Why? In suburbia, you have to drive. In a city, you can walk or take the bus or other public transit. At the very least, you can grab a taxi.
Some boomers have already voted with their feet, moving into cities or to suburban town centers. Minneapolis, along with other urban areas, has seen a revival of some of its downtown neighborhoods by an influx of affluent elderly.
But for the most part, boomers, some 84 percent, say that they want to “age in place.” A 2009 MetLife Foundation study found that 62 percent of people aged 55 and over say they plan to stay in suburbia. And, many of them have no choice. The collapse in housing prices during the Great Recession and an inability to sell — or to sell at the price they need — has kept them trapped in their large suburban manses.
But if they can’t drive, they will find living their ideal second life, or merely maintaining independence, challenging, to say the least. Without travel options, seniors face “isolation, a reduced quality of life and possible economic hardship,” declared “Aging in Place, Stuck without Options: Fixing the Mobility Crisis Threatening the Baby Boom Generation,” a 2011 report from Transportation for America, an advocacy group.
Studies show that people over age 65 who no longer drive make 15 percent fewer trips to the doctor, 59 percent fewer trips to shop or eat out and 65 percent fewer trips to socialize. Unable to get around, to buy groceries, make medical appointments, visit the bank and so on, boomers will, like it or not, be forced to move into that nursing home.

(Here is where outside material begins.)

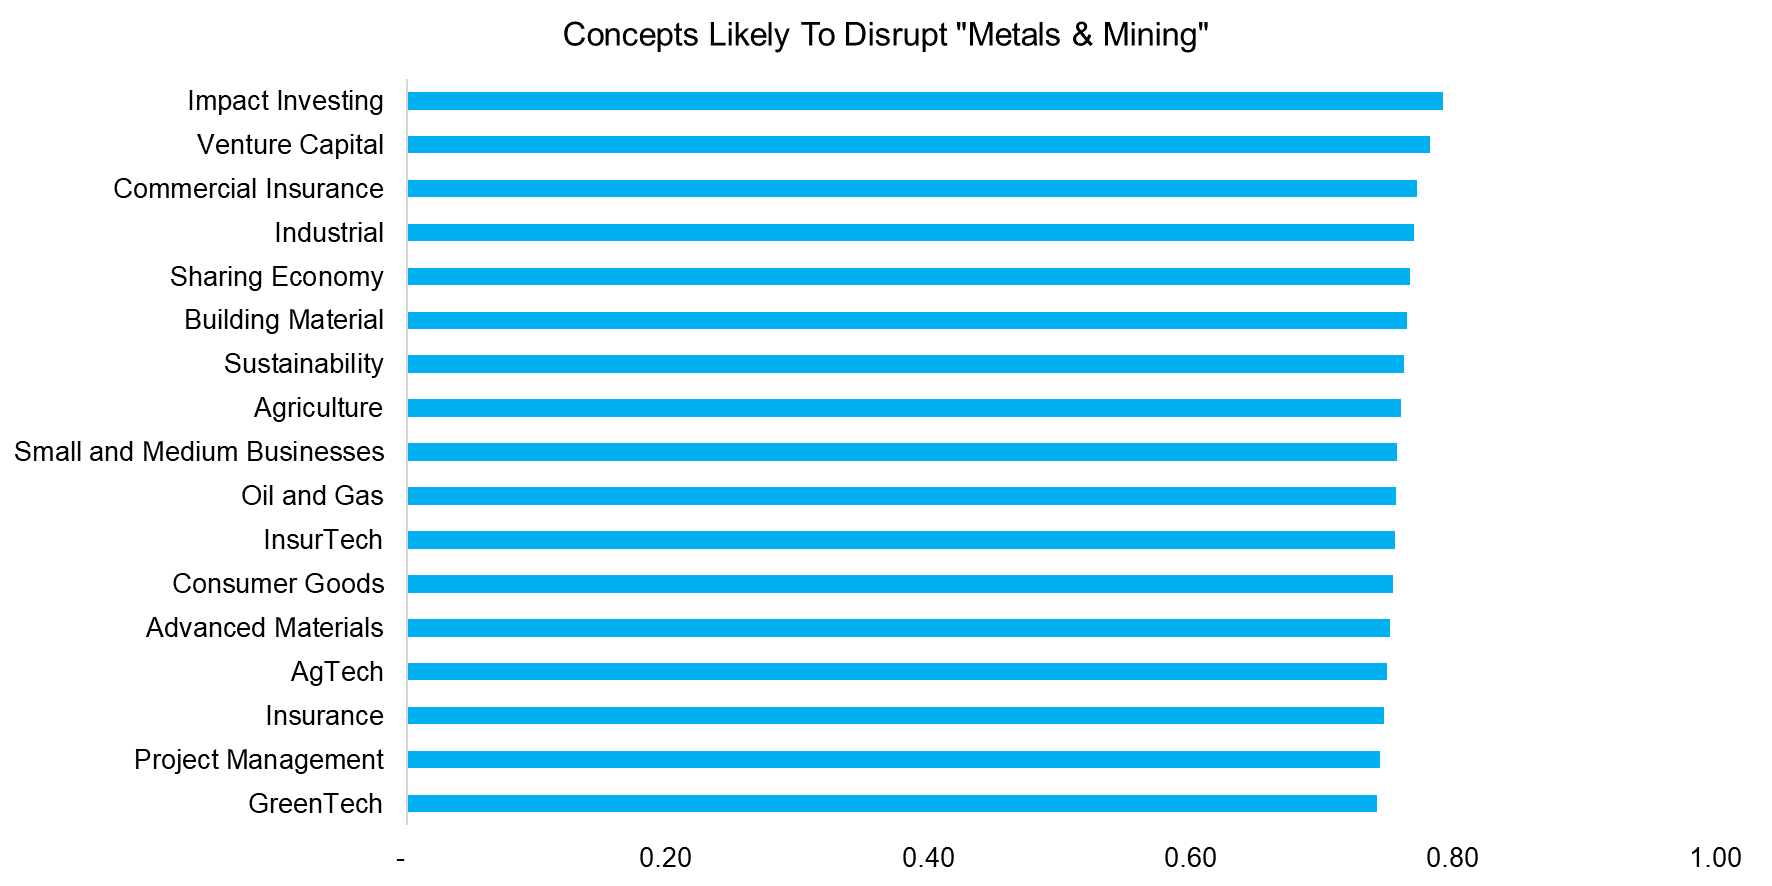 Concepts Likely To Disrupt Metals & Mining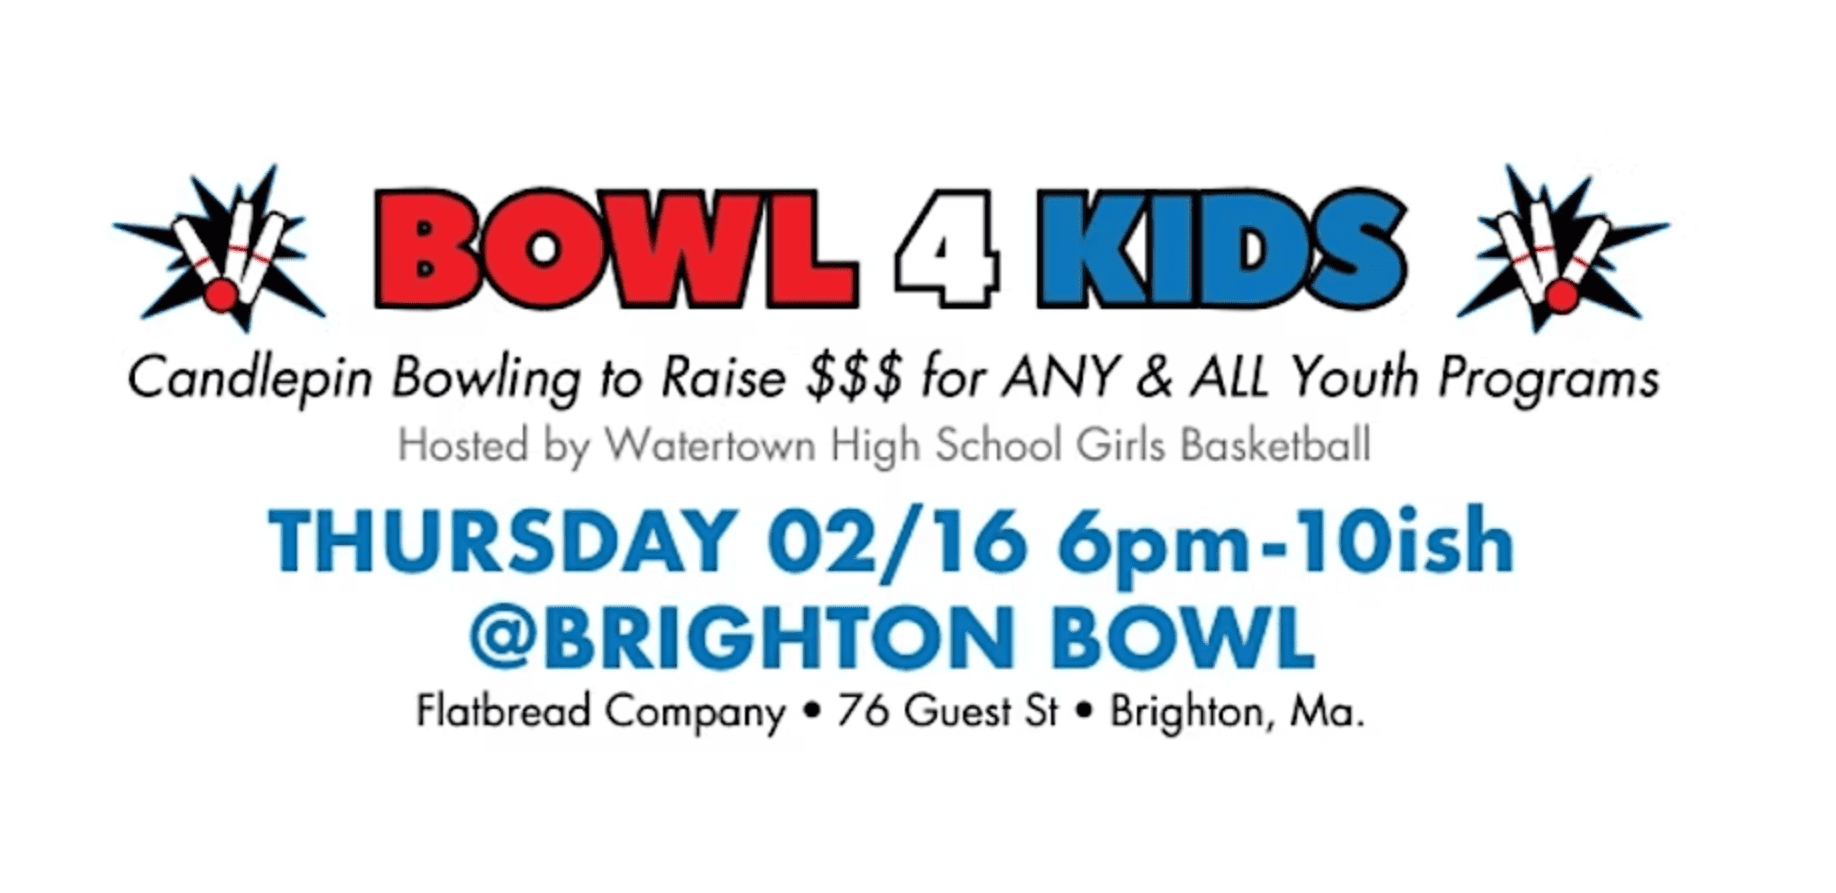 Bowl 4 Kids - Fundraiser for ANY & ALL Youth Programs

Access to transit varies widely. When the study examined the 13-county Twin Cities metro, it found that only 10 percent of in-town seniors aged 65 to 79 had poor access to public transit; by 2015, that would increase slightly to 11 percent. In suburban areas, however, boomers will live in a public transit desert. Some 69 percent in the Twin Cities metro won’t have any access, up from 64 percent currently. (The Twin Cities ranked 31st out of 47 cities with populations of one to three million, so not awful, but nothing to brag about either.)
Of course, public transit is hardly a panacea for the problems of the frail elderly. Trudging to a bus stop or train station, climbing up stairs and dealing with schedules and bad weather may simply be too demanding. And MetroMobility can’t possibly handle the volume that the “silver tsunami” will produce.
So for many senior boomers, the availability of that bus or train may be the single most important factor in allowing them to live the good life — or, given the realities of aging, the pretty good life.